To J. D. Hooker 9 May 1
Down Bromley Kent
My dear Hooker
Read & return the enclosed from Consul Crowe (a friend of Col. Sabine) & send me whatever answer you think fit & I will write civilly to Mr Crowe.—2
With respect to Huxley,3 I was on point of speaking to Crawfurd & Strezlecki (who will be on committee of Athenæum) when I bethought me of how Owen would look & what he would say.4 Cannot you fancy him, with a red face, dreadful smile & slow & gentle voice, asking, “Will Mr Crawfurd tell me what Mr Huxley has done, deserving this honour; I only know that he differs from, & disputes the authority of Cuvier, Ehrenberg & Agassiz as of no weight at all”.—5 And when I began to consider what to tell Mr Crawfurd to say, I was puzzled, & could refer him only to some excellent papers in R. Trans. for which the medal had been awarded.6 But I doubt with an opposing faction, whether this would be considered enough, for I believe real scientific merit is not thought enough, without the person is generally well known; now I want to hear what you deliberately think on this head: it would be bad to get him proposed & then rejected; & Owen is very powerful.—
Lastly, & of course especially, about myself; I very much want advice & truthful consolation if you can give it. I had good talk with Lyell about my species work, & he urges me strongly to publish something.7 I am fixed against any periodical or Journal, as I positively will not expose myself to an Editor or Council allowing a publication for which they might be abused.

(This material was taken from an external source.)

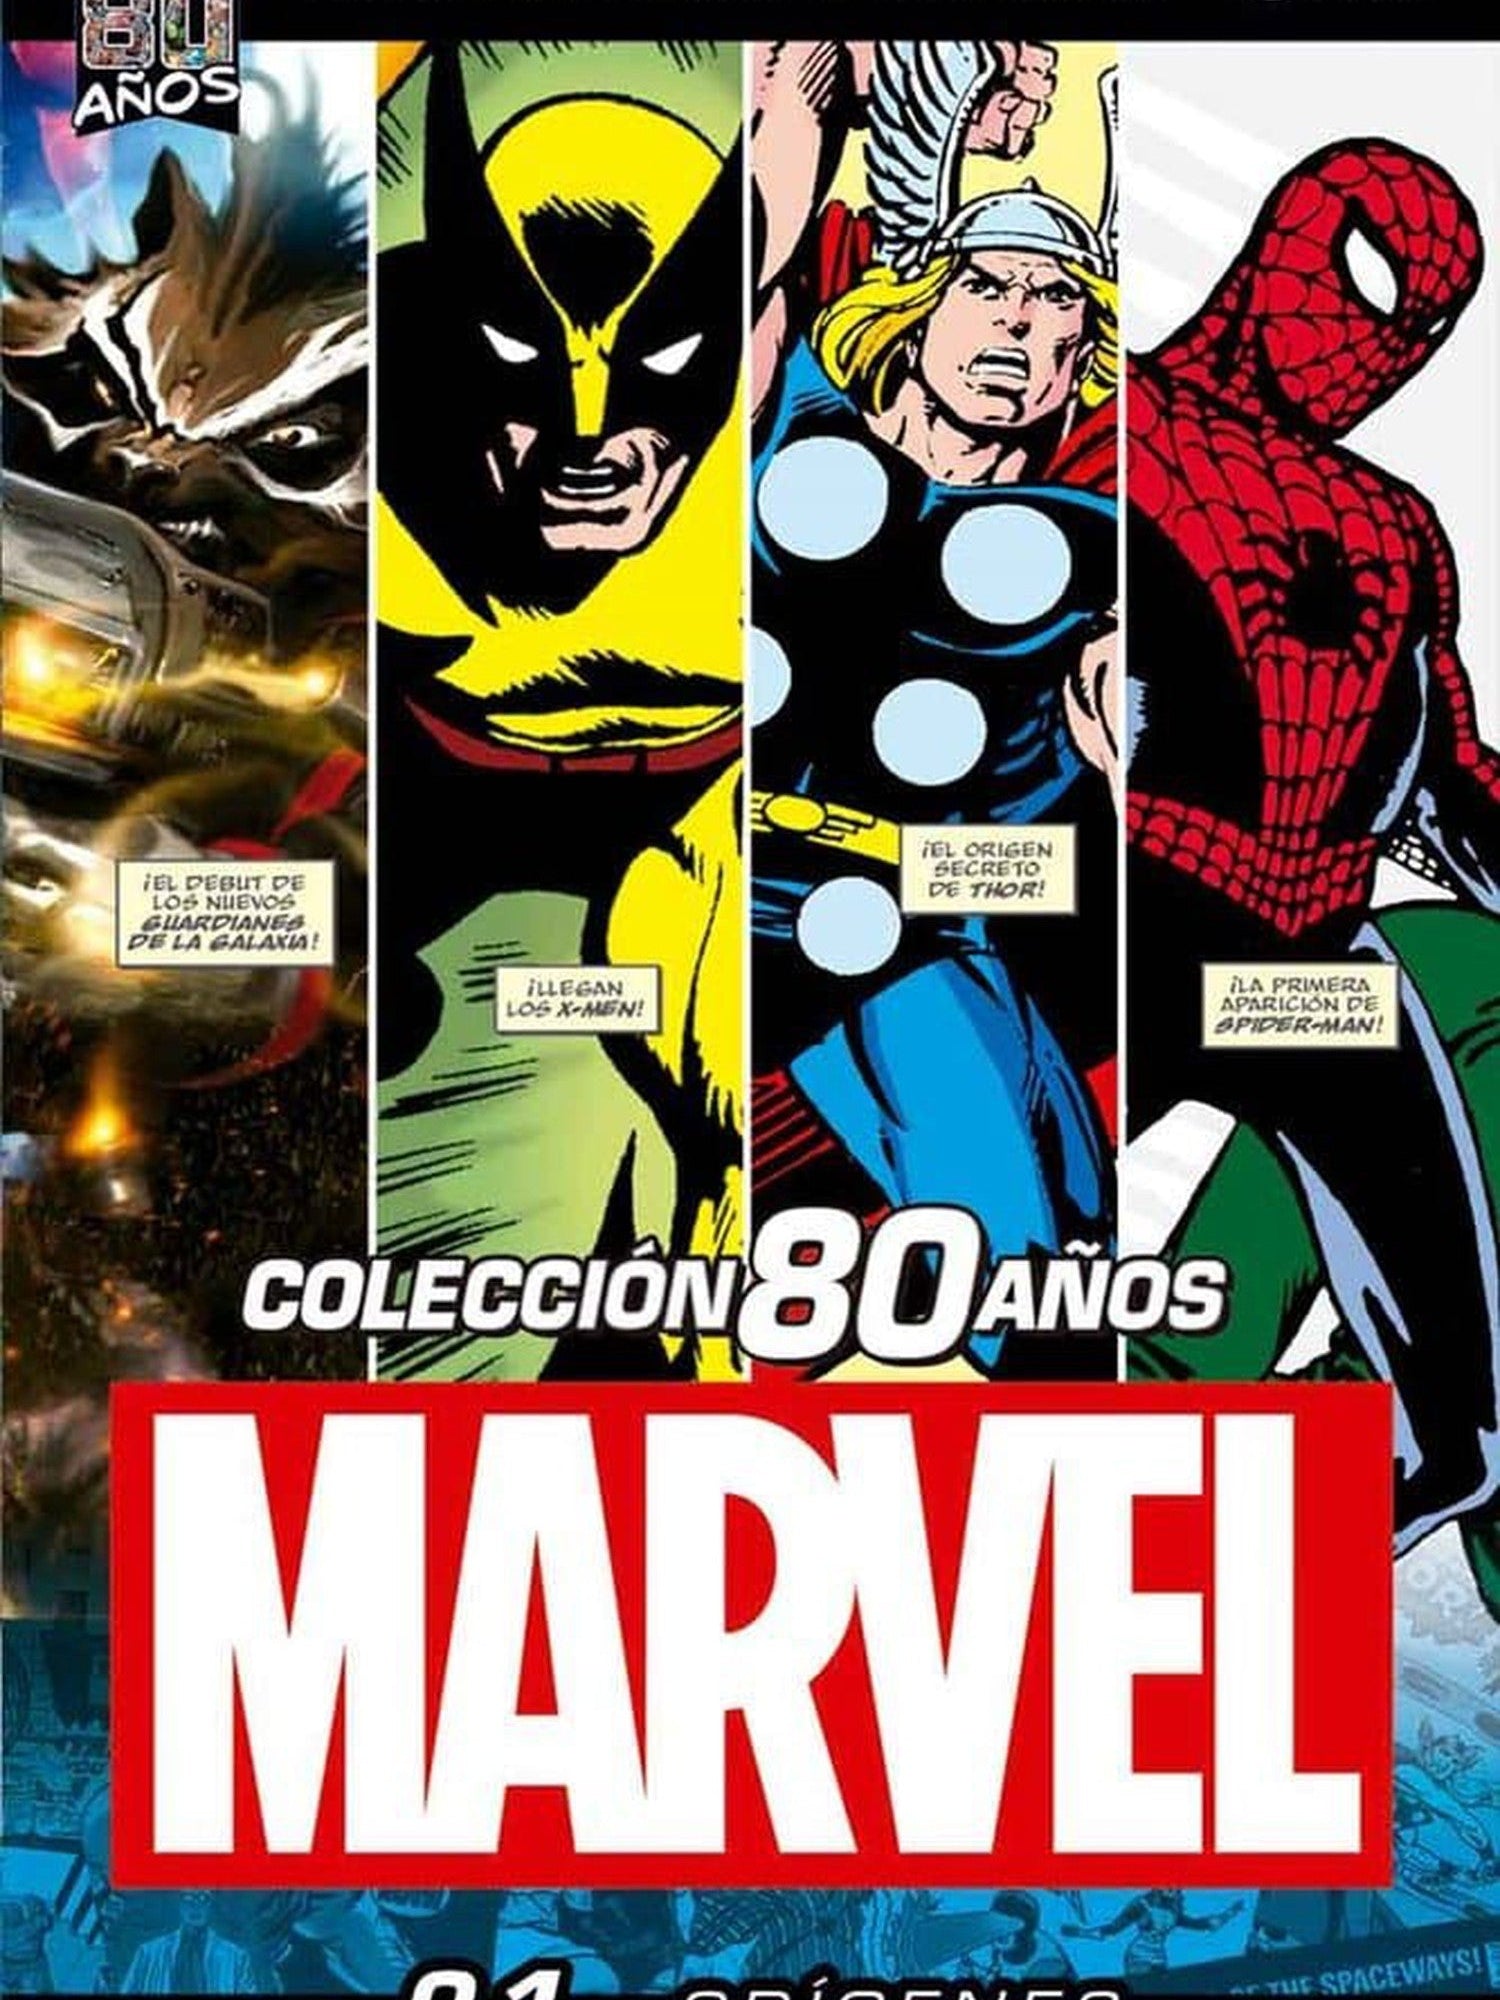 Colección Marvel 80 Años Starter Pack (Tomos 1 al 4) OVNI Press ENcuadrocomics

If I publish anything it must be a very thin & little volume, giving a sketch of my views & difficulties; but it is really dreadfully unphilosophical to give a resumé, without exact references, of an unpublished work. But Lyell seemed to think I might do this, at the suggestion of friends, & on the ground which I might state that I had been at work for 18 years, & yet could not publish for several years, & especially as I could point out difficulties which seemed to me to require especial investigation. Now what think you?. I shd be really grateful for advice. I thought of giving up a couple of months & writing such a sketch, & trying to keep my judgment open whether or no to publish it when completed.8 It will be simply impossible for me to give exact references; anything important I shd state on authority of the author generally; & instead of giving all the facts on which I ground any opinion, I could give by memory only one or two. In Preface I would state that the work could not be considered strictly scientific, but a mere sketch or outline of future work in which full references &c shd be given.— Eheu, eheu, I believe I shd sneer at anyone else doing this, & my only comfort is, that I truly never dreamed of it, till Lyell suggested it, & seems deliberately to think it adviseable.
I am in a peck of troubles & do pray forgive me for troubling you.—
Yours affectiy | C. Darwin
Emma desires her best thanks to Mrs Hooker for her kind note received this morning.
Lyell urges CD to publish a sketch of species theory; CD asks JDH’s opinion on best course.
Concerned about opposition, particularly by Owen, to Huxley’s admission to Athenaeum.